ARTES PLÁSTICAS

Ernesto González Puig: un artista de vanguardia

Elsa Vega Dopico • La Habana, Cuba

Imagen: La Jiribilla
 

En 1975, el destacado poeta y crítico Pedro de Oraá, en sus palabras al catálogo de la exposición Puig. Dibujos y temperas. Algunas obras inéditas del 48 al 68, que se organizó en galería L escribió que la figura de González Puig estaba llamada a rescatar un puesto relevante dentro de la pintura cubana. En tal sentido, el también artista plástico, abogó por la necesidad de emprender entonces una exposición de carácter retrospectivo que descubriera el periplo seguido por este autor durante varios decenios y sus disímiles períodos pictóricos. Doce años más tarde, en marzo de 1987, el Museo Nacional de Bellas Artes organizó la excelente retrospectiva, curada por Orlando Hernández bajo el atinado título Puig desconocido.
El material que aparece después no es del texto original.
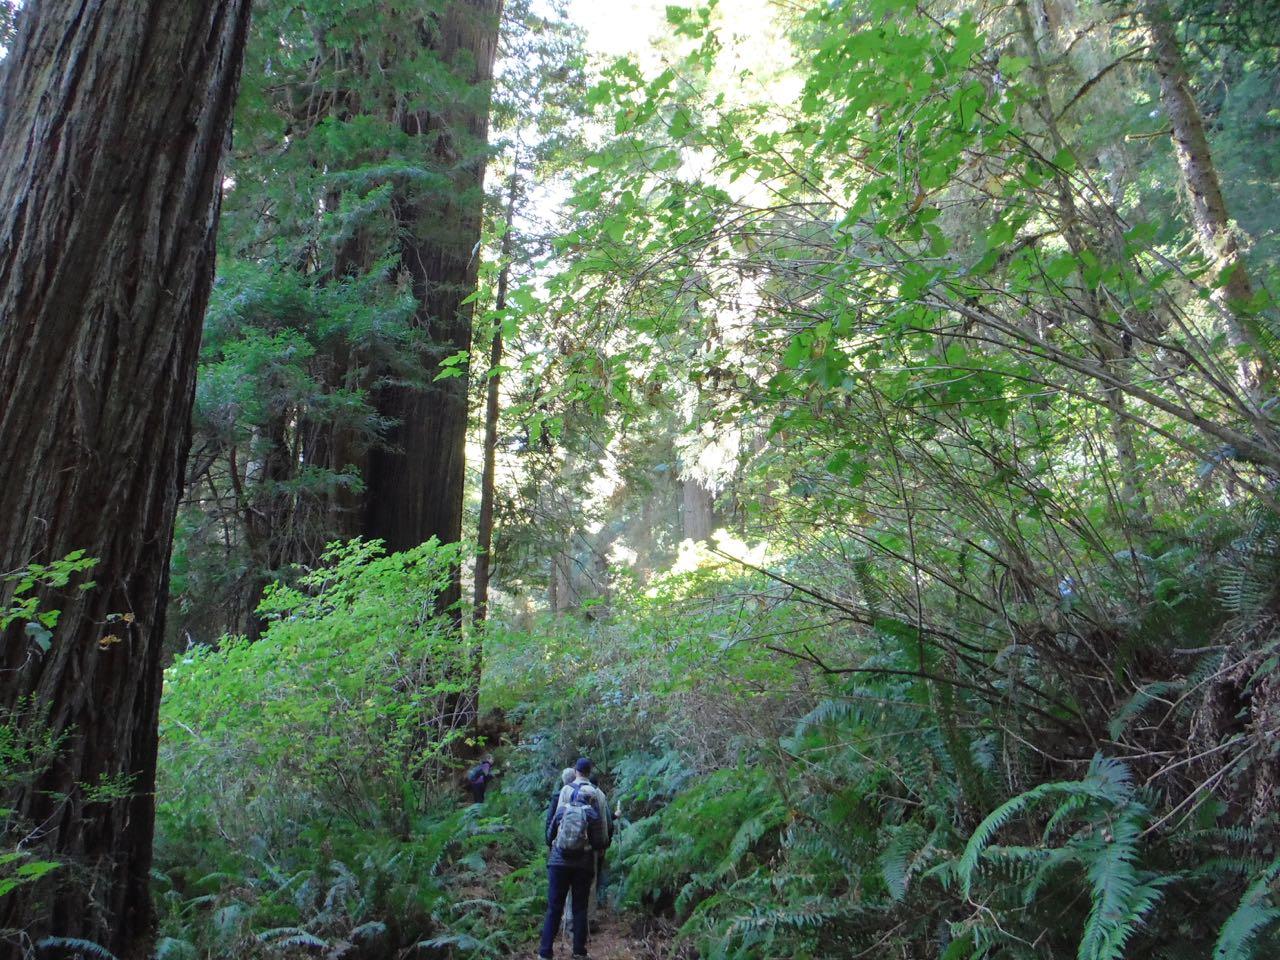 Redwoods 2017 10 08 238 Of 287
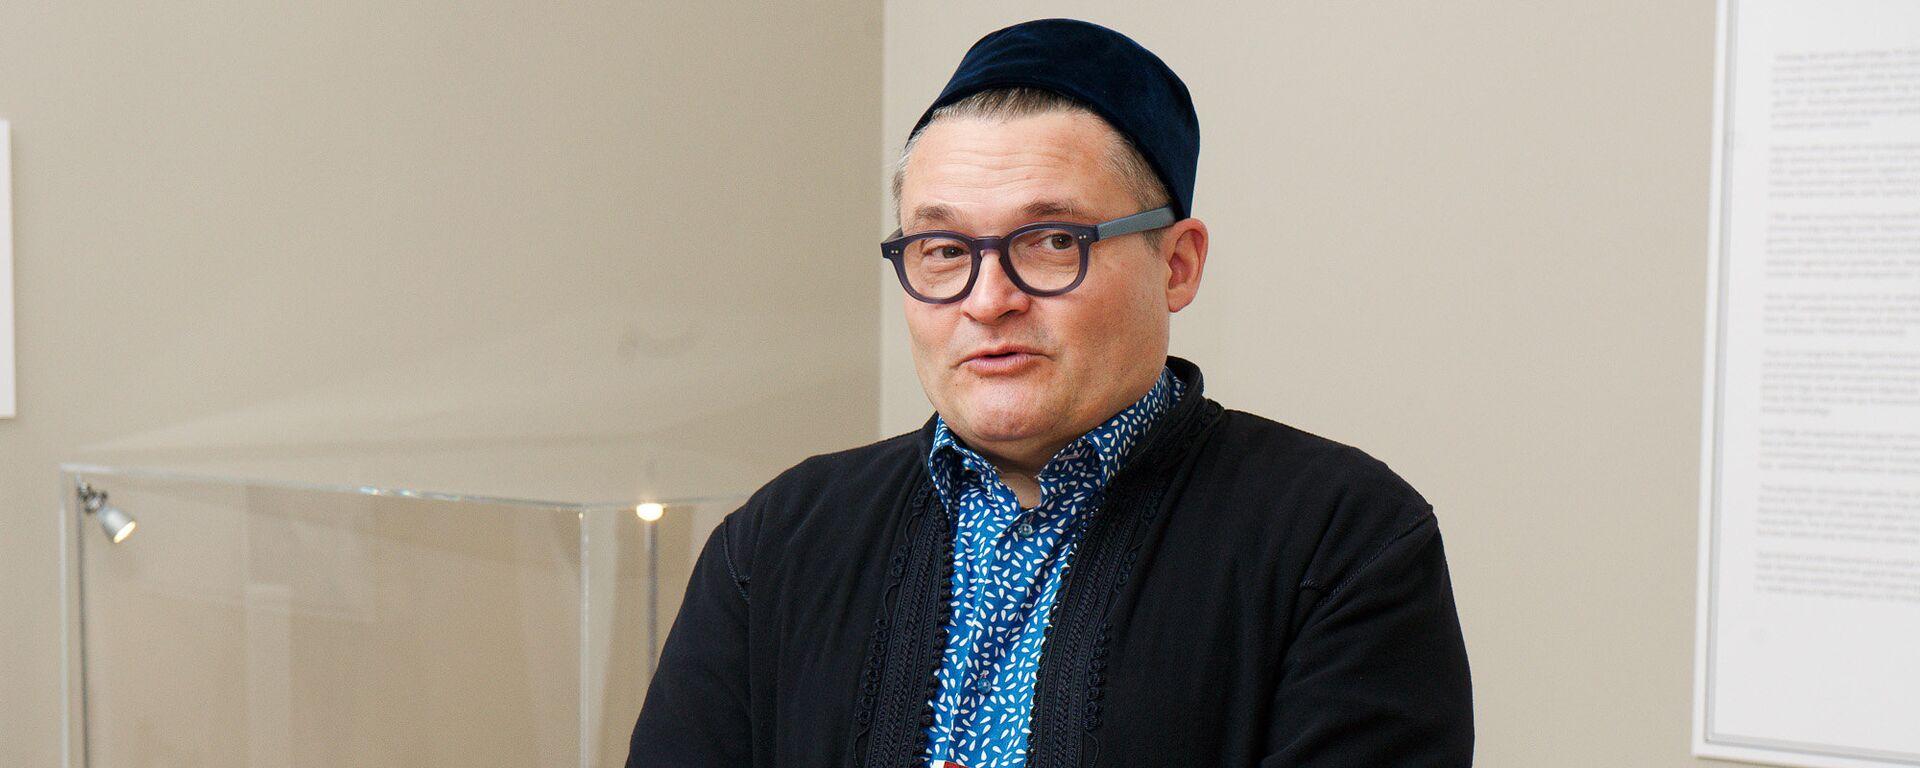 Историк моды и коллекционер Александр Васильев - Sputnik Латвия, 1920, 04.03.2017

El tiempo implacable continuó su curso y 25 años después de aquella ambiciosa muestra, Ernesto González Puig continúa siendo, lamentablemente para muchos, un artista desconocido.

Vale preguntarse ahora cuáles razones han promovido tanta abulia o desconocimiento. ¿Servirán acaso como respuestas los numerosos años que vivió Puig en Santa Clara, alejado del ambiente plástico capitalino? O ¿Quizá fue su vocación compartida entre la psicología y la pedagogía? Razones todas carentes de peso, pues el ilustre desconocido de los pintores de su generación desarrolló, a pesar de la distancia y los otros oficios, una obra vasta y diversa que logró fusionar imaginación y lírica visual en un estilo propio e inconfundible.

Ligado al movimiento de renovación plástica de los años 30 en Cuba, la presencia de González Puig ha sido relativamente desplazada del lugar que por calidades obvias le pertenece. Así podemos constatar cuán injustos o equivocados han estado algunos al pretender tildarlo de “maestro menor” frente a la obra desarrollada por muchos de sus contemporáneos. Fueron precisamente aquellos tiempos en que comenzaron a distinguirse algunos nombres que —junto a figuras ya establecidas como Víctor Manuel, Carlos Enríquez, Amelia Peláez o Fidelio Ponce— completarían el mapa plástico nacional y entre los que se encuentran: Portocarrero, Carreño, Mariano, Cundo Bermúdez y Luis Martínez Pedro, entre otros.

Los lazos de González Puig con la vanguardia artística cubana lo llevaron a integrar la nómina de autores que exhibieron bajo el rótulo Primera Exposición de Arte Moderno. Para la muestra organizada entre los meses de marzo y abril de 1937 en los salones del Centro de Dependientes de la capital cubana, el artista eligió nueve dibujos que destacaron por su elocuencia y cautivadora modernidad. Perfiles, La calle, Tapiz mágico y Evocación son algunos de los títulos de aquellos trabajos.

Poco después llegaron otras oportunidades con su participación en la II Exposición Nacional de Pintura y Escultura, convocada por la Dirección de Cultura de la Secretaría de Educación y realizada en junio de 1938 en el Castillo de la Fuerza; así como en la muy renombrada 300 años de Arte en Cuba que tuvo lugar en la Universidad de La Habana en abril de 1940 bajo los auspicios del propio recinto estudiantil, la Corporación Regional de Turismo y el Instituto Nacional de Artes Plásticas.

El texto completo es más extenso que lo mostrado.